Enfin, j'aimerais dire que nous avons l'actuel système. Nous avons la Commission des revendications des Indiens, qui nous offre certains recours s'agissant des revendications. Je pense que nous pouvons continuer de travailler de la sorte en attendant qu'il y ait un virage fondamental et que l'on revienne à l'esprit du livre rouge, du discours du Trône et de toutes ces déclarations du gouvernement du Canada quant à la nécessité pour nous de travailler ensemble, dans un esprit de respect et de confiance mutuelle, et cetera. Je pense que c'est là la seule façon dont nous pourrons régler cela.

Le gouvernement du Canada peut, bien sûr, comme nous le savons tous, faire estampiller le projet de loi. Il nous faudrait alors en assumer les conséquences. Il y aurait davantage de litiges et davantage de conflits. Des torts irréparables auraient été faits à la relation entre les Premières nations et le gouvernement du Canada.

Le sénateur Austin: Je vais vous poser une question, chef Phillip, car vous avez fait une déclaration intrigante. En réponse au sénateur Stratton, vous avez décrit l'environnement législatif. J'ai eu l'impression que le projet de loi C-6 aurait un retentissement émotionnel moins chargé si nous n'étions pas en train de regarder un programme gouvernemental englobant également le projet de loi C-7, et peut-être que vous y incluriez même le projet de loi C-19, je ne sais pas. Serait-il juste de dire, comme j'ai cru vous comprendre le dire, que si nous l'examinions isolément du reste, sans les autres problèmes de la relation, vous seriez peut-être ouverts à l'idée d'une discussion portant sur des amendements?

M. Phillip: Ce que je suis en train de dire est qu'il est très clair pour nous que l'actuel gouvernement n'a aucunement envie de revenir à l'approche du groupe de travail mixte s'agissant de l'un quelconque de ces projets de loi. Il semble qu'il se pose ici une question de legs. Nous avons le sentiment qu'on nous considère un petit peu comme un problème en suspens depuis 1969. Cela n'a pas aidé la façon dont tout ce programme législatif a été mené.

J'espère et je prie ardemment que l'on pourra mettre cela de côté en attendant de retrouver cet esprit de coopération et de partenariat qui se trouve reflété dans un si grand nombre de déclarations du gouvernement mais qui ne semble pas s'être matérialisé.

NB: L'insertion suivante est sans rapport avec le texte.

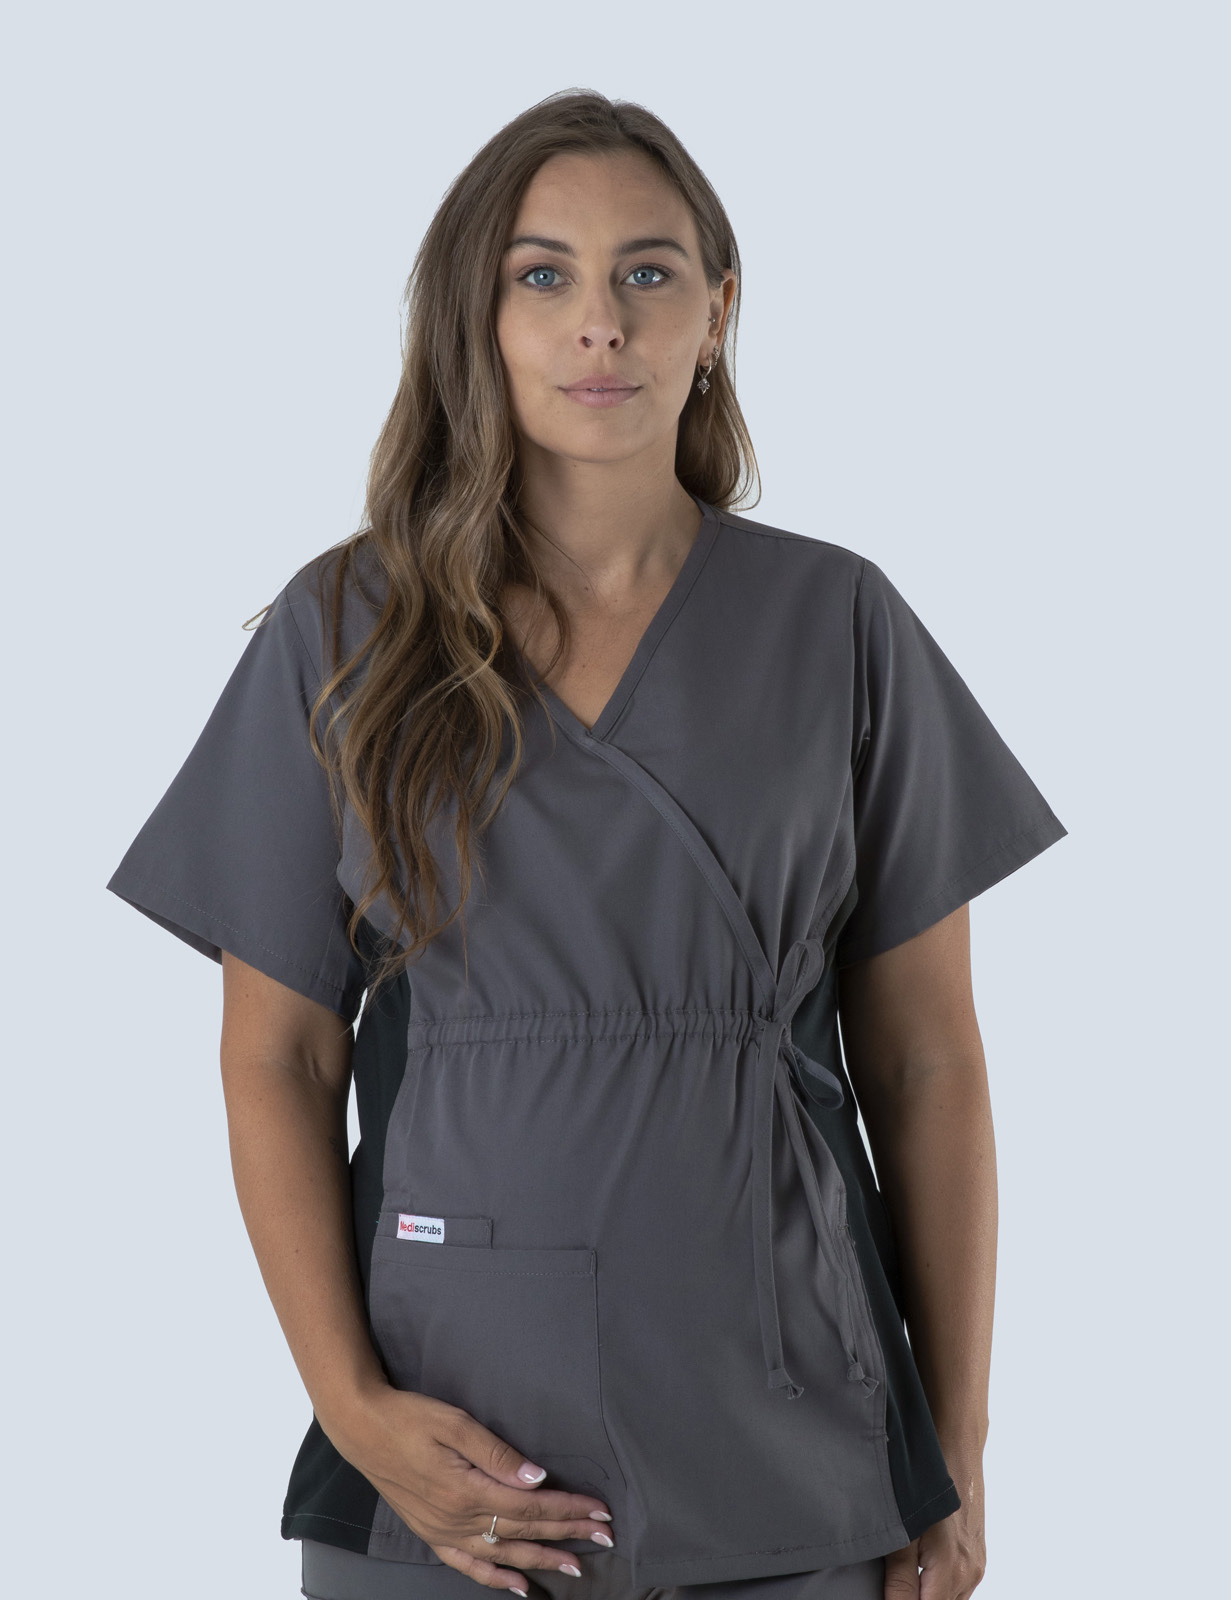 Maternity Scrub Top With Spandex Panel - Steel Grey - 4X large

Le sénateur Austin: Considérez-vous les trois projets de loi comme constituant en fait un tout qui devrait être examiné et déposé en une fois à l'avenir? Est-ce là votre position?

M. Phillip: Oui. Comme je l'ai dit tout à l'heure, il y a un schéma. Tout cela a un parfum bien particulier. Les peuples des Premières nations d'un bout à l'autre du pays perçoivent les choses ainsi. Cela est dommage, mais c'est ce à quoi nous sommes pour le moment confrontés.

Le sénateur Austin: Je sais, vu les remarques que vous avez faites, que vous avez étudié les témoignages. Vous avez tous les trois fait clairement ressortir cela dans vos déclarations. J'aimerais mentionner qu'il y a des Premières nations qui se sont dit prêtes à discuter d'amendements. Il n'est pas vrai qu'il n'y a pas d'amendements sur la table. Nous avons entendu plusieurs Premières nations qui sont désireuses de discuter d'amendements et de la façon dont des amendements pourraient être formulés. Ce sera difficile pour le comité, mais nous finirons par discuter de toutes ces questions.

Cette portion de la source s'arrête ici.